For individuals the state therefore acts as the guarantor of last resort. The state has to then be organised in such a way that it protects you from harm and exploitation. It is the role of the state to protects your individual identity, freedom of expression, and economic independence, ensuring that you have unfettered access, both individually and collectively to the means of managing your identity, to managing your voice and sense of civic participation, and ensuring that a working life is sustainable and fulfilling. The state has a duty to protect you from pollution, and to protect you from bad-faith commercial relationships.

This then interconnects with the security of the community, as none of the rights of the individual can be maintained without also ensuring that there are strong, positive, nurturing and open social relationships that foster positive and supportive reciprocation between people who are acting in the interest of all, not just themselves.
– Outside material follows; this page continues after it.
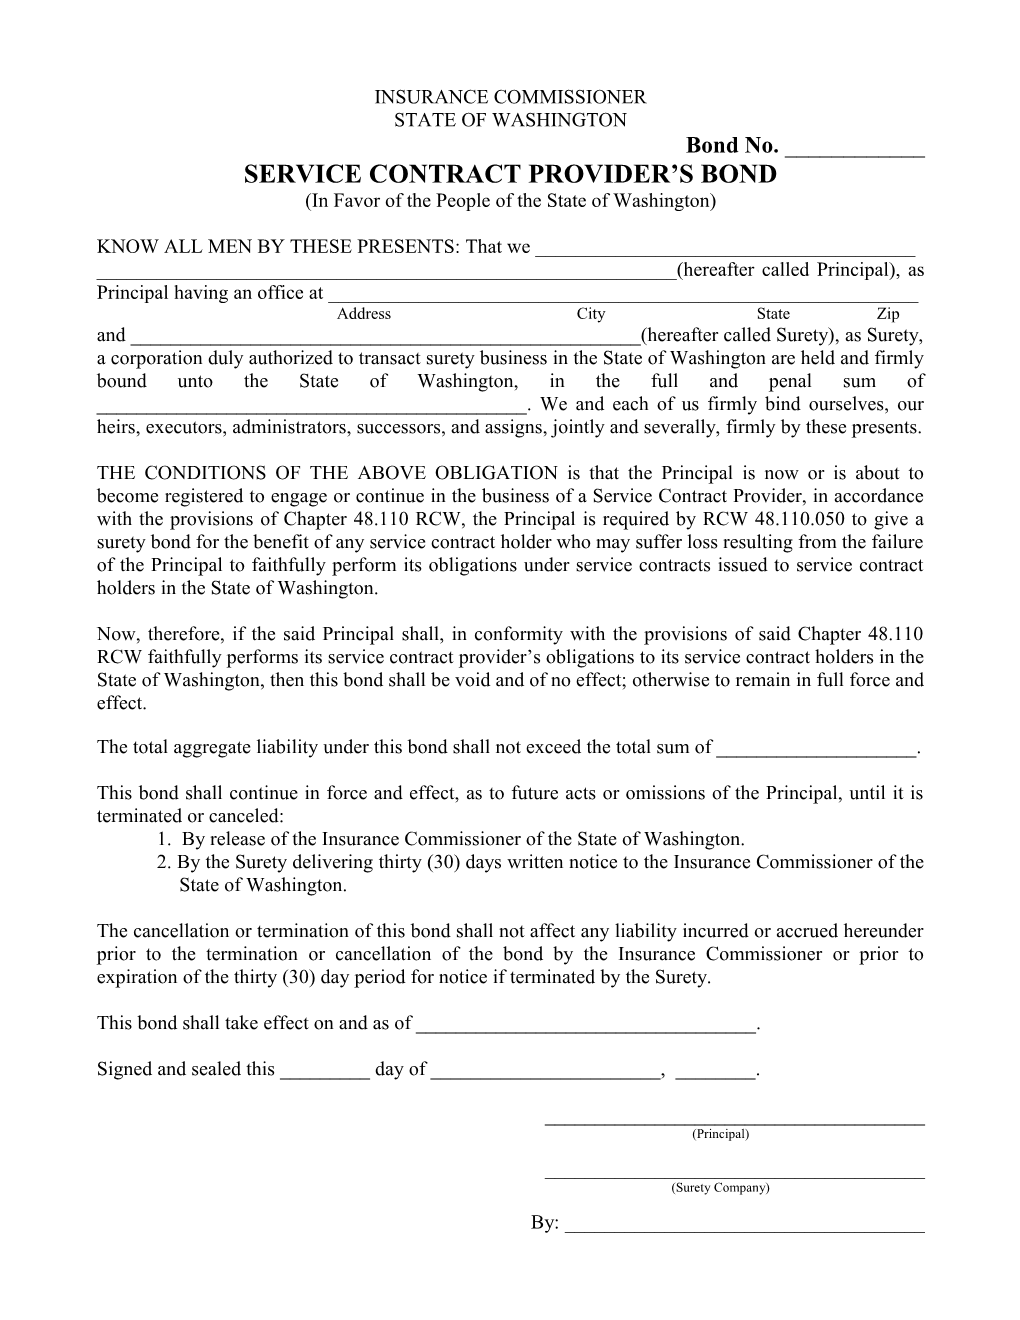 WA State Service Contract Provider S Bond Form

Community, however, has to be recognised as a dynamic and active set of relationships, in which responsibility, duty and obligation towards the weakest and most vulnerable members of our communities, is the primary indicators of how and in what way people interact. Those who pollute, or who are anti-social, have to be identified and restrained from acting negatively. Those who act in a pro-social manner should gain more freedom and a greater say in the decision-making that determines the well-being of their communities.

Those who hoard or gain by speculation and gambling must be de-prioritised, whereas those who invest and plan sustainably for the future collective well-being of communities must be prioritised. This means embedding a multi-levelled and interlinked model of community, in which social actors and individuals are held accountable for their actions on a local and interpersonal level, on a neighbourhood or regional level, on a national and international level, and on a global level. Our actions as individuals have consequences now, but they also have consequences for generations to come, and so we need a political discussion that can anticipate these multiple levels. Look at the concept of bildung, and it’s interrelated layers of community.

This then defines the need for security of the nation. In a globalising world national security still plays a role in managing how we get on together as a species. The complexity of these transnational relationships are not getting easier. They will become more complex and more difficult to map, especially as corporations now operate on the global stage and become even more powerful than nation states. Transnational cooperation, therefore, is going to be more essential than ever. The question is, which model of international engagement offers more security? A buccaneering sense of exceptional independence, or a rules-based collaboration grounded in practical reality? Regardless of the fact that the UK has left the EU, the questions of international cooperation and security have not gone away, but we have made them harder to sort out. Our food supply is now much more difficult to protect. Our access to medicines and technology has becomes much harder to secure. We can pay an inflated price on the free market for these things, but this will bring only pauperisation and poverty at home, as we have to make choices about what we can afford.

Our international security objectives will have to be trimmed, and our role in the world will be modified accordingly. Perhaps this is not before time.

In asking what brings security and certainty, we have the opportunity to address deep-rooted challenges from a progressive and inclusive set of values, rather than from the divisive and judgemental values that sit at the heart of this government’s ideology. It is a choice, either we advocate for security through solidarity, or we get ready to deal with the insecurity that comes from division and incompetence.